Prompt = Your output must be the lines below from the line containing "Vintage Crochet Pattern" to the line containing "New iPhone 6 6s Case iron man avengers", both lines included, reproduced exactly and without pictures.

Dataset records =
⁂

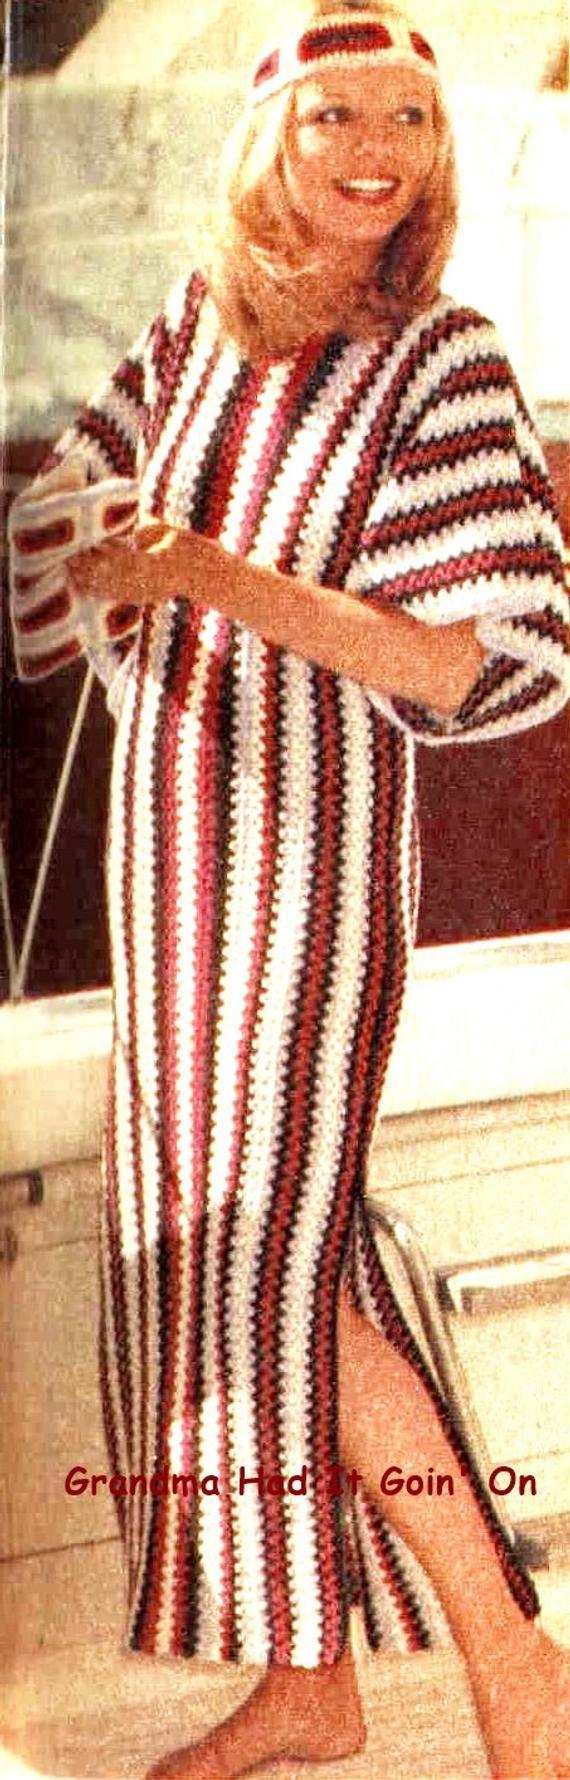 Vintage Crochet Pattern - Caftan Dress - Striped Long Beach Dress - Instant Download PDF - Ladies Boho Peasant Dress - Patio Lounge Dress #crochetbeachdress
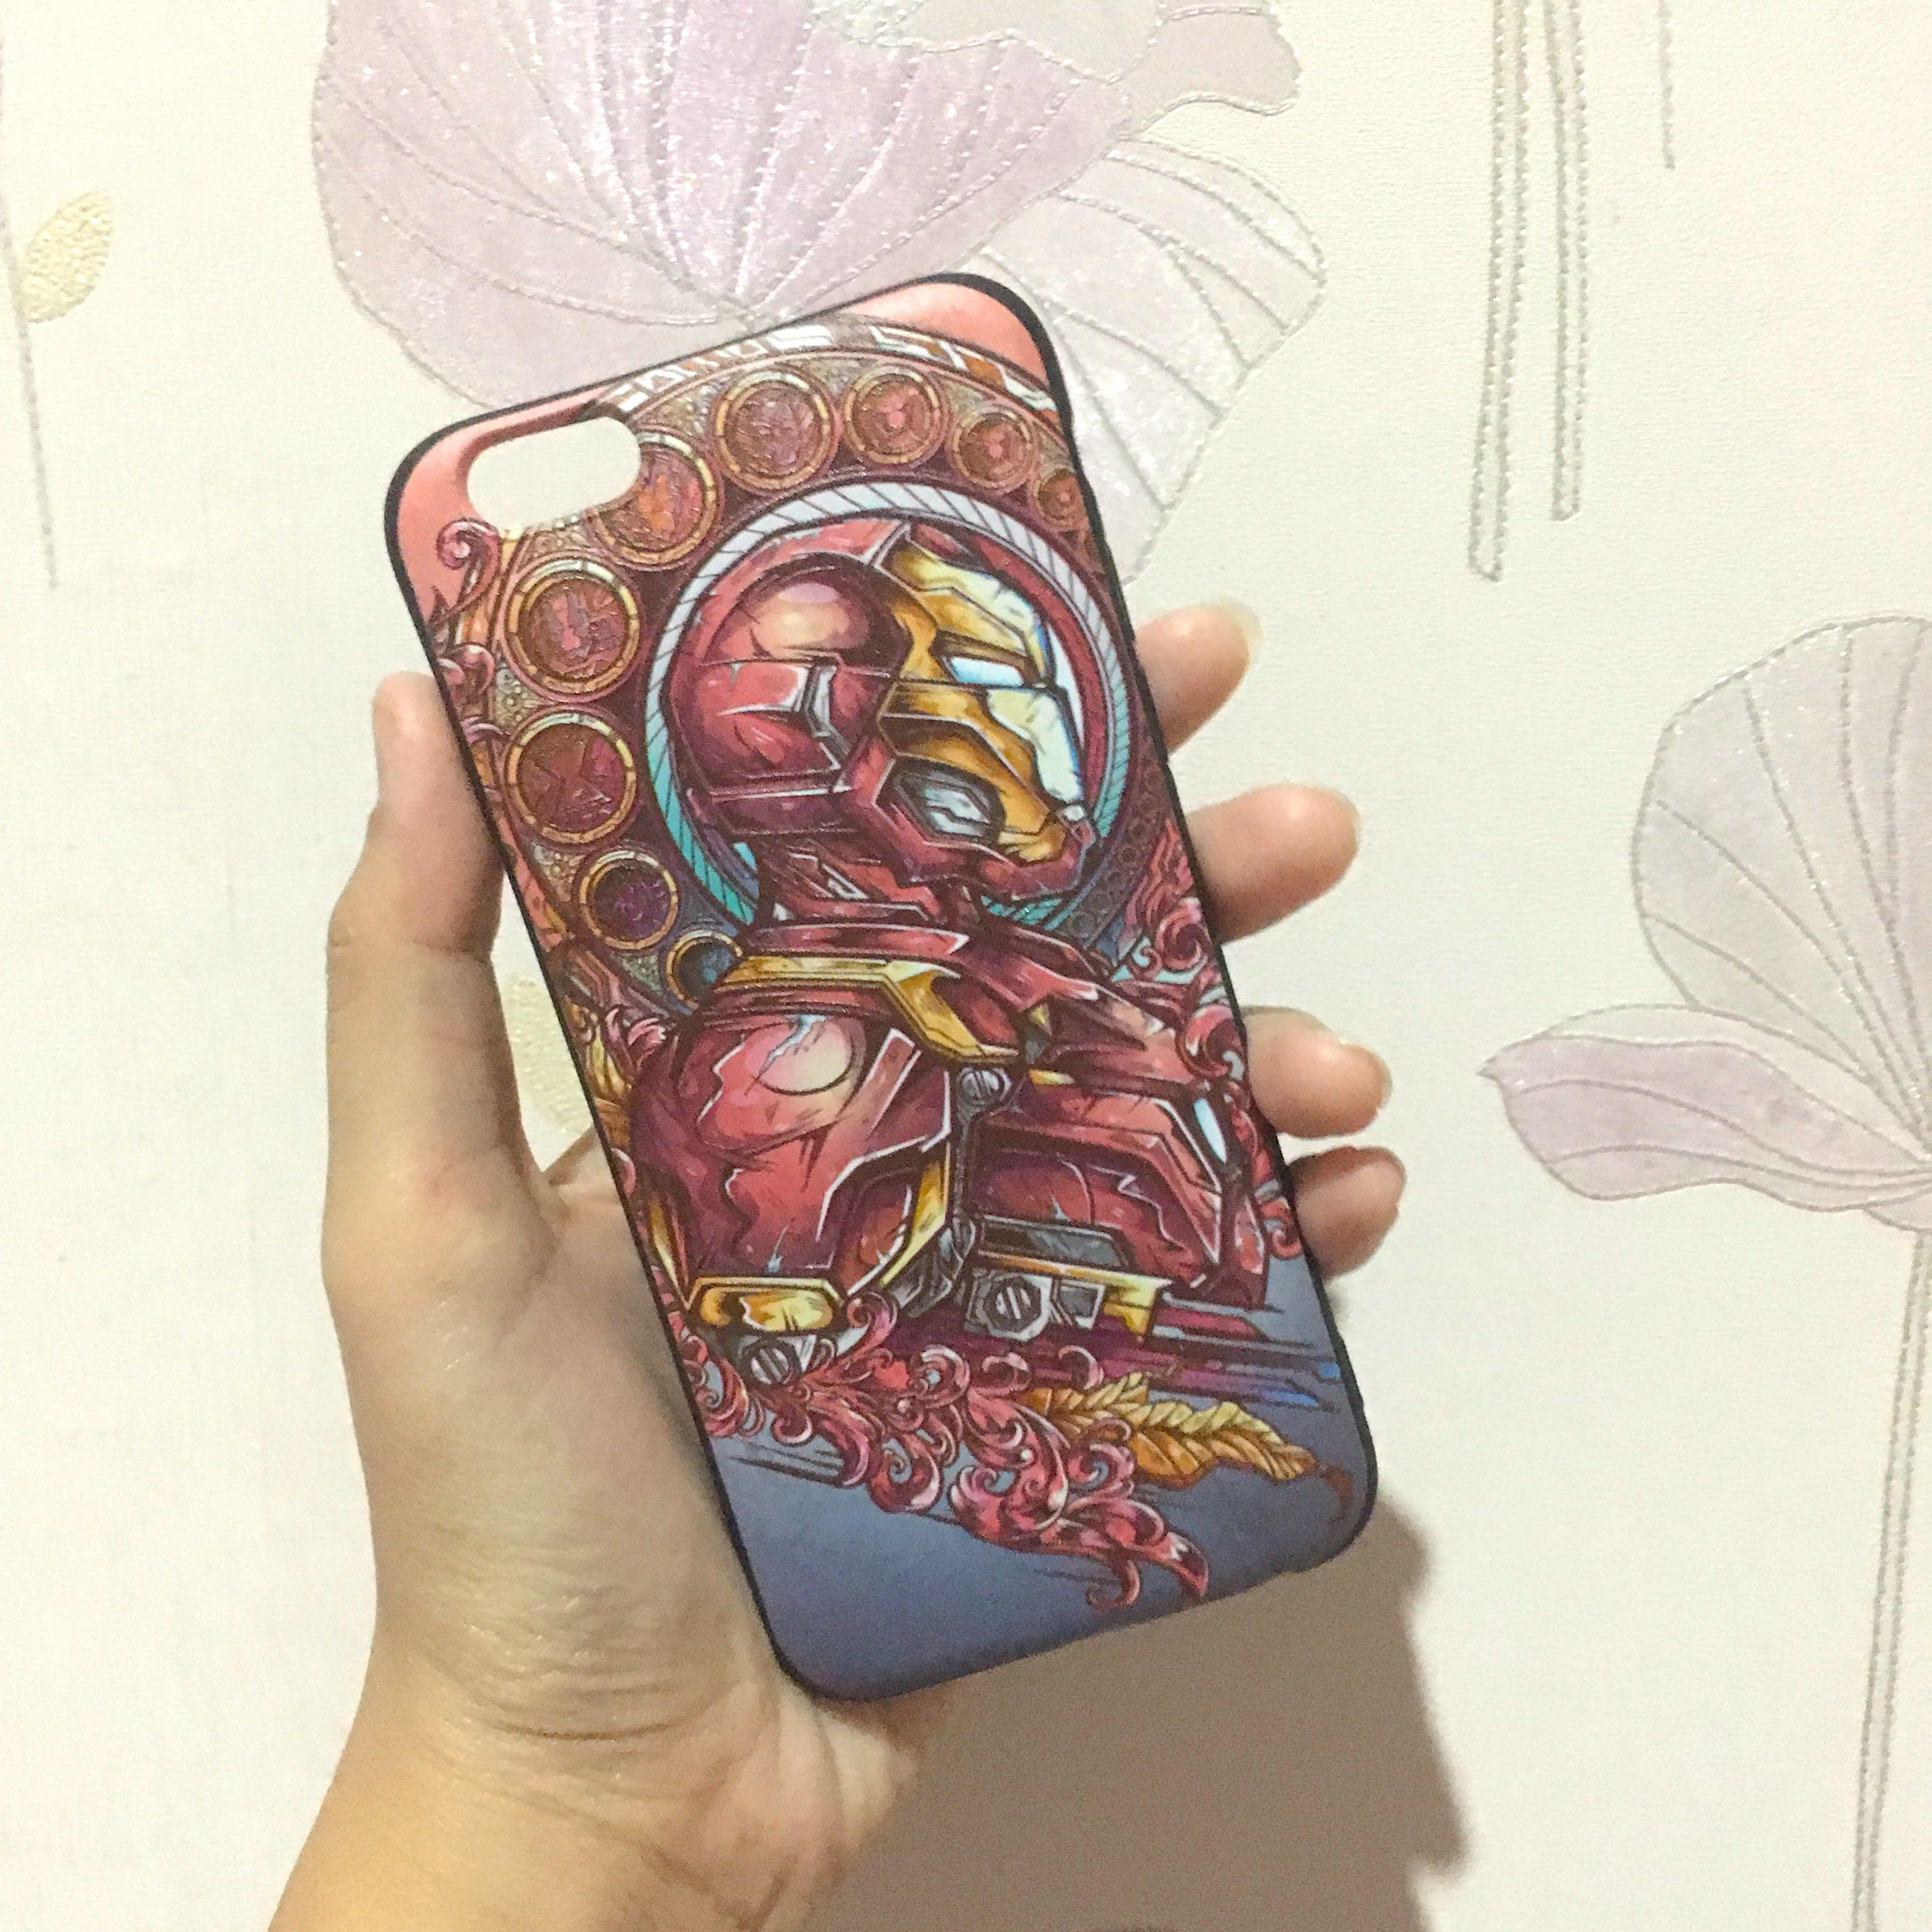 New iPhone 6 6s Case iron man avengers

⁂

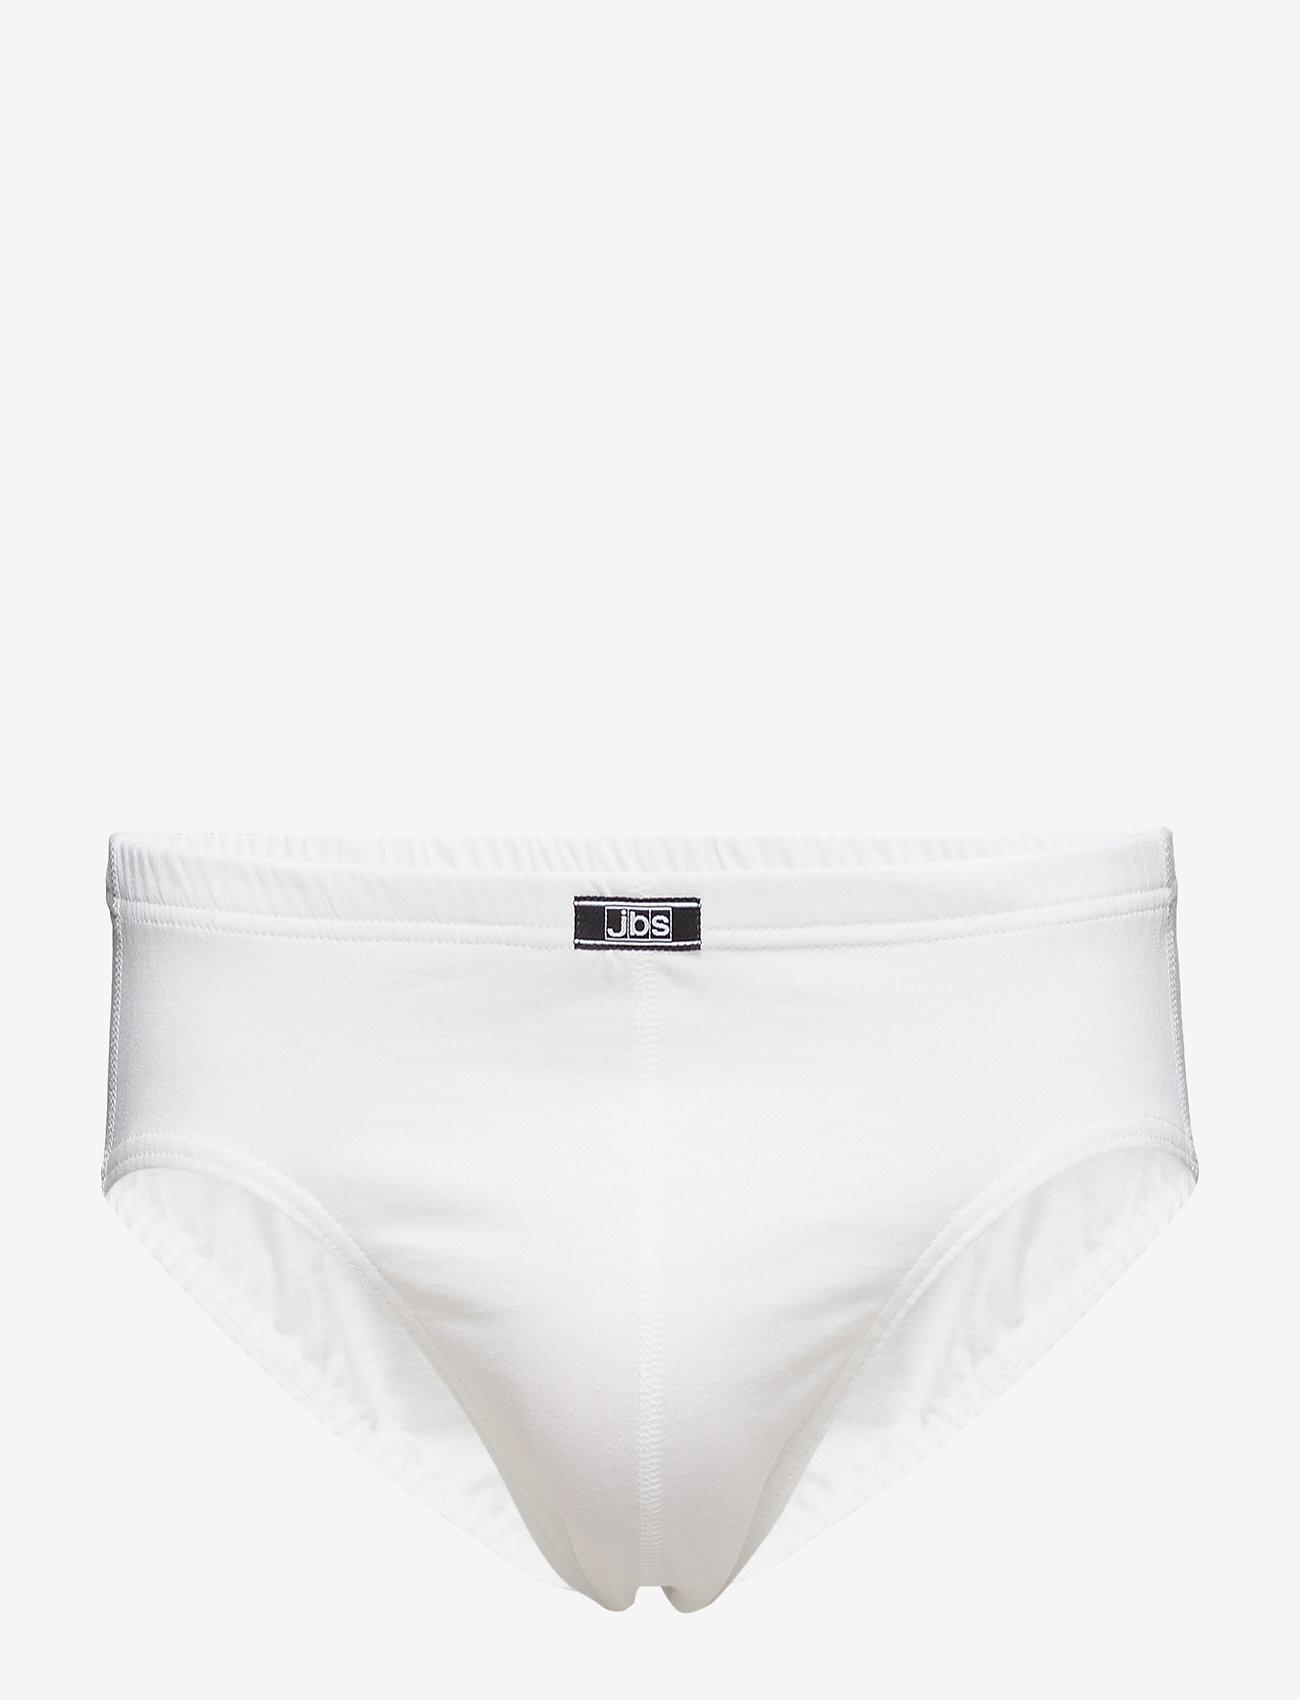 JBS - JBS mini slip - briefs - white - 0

⁂

Result of the task =
 Vintage Crochet Pattern - Caftan Dress - Striped Long Beach Dress - Instant Download PDF - Ladies Boho Peasant Dress - Patio Lounge Dress #crochetbeachdress
 New iPhone 6 6s Case iron man avengers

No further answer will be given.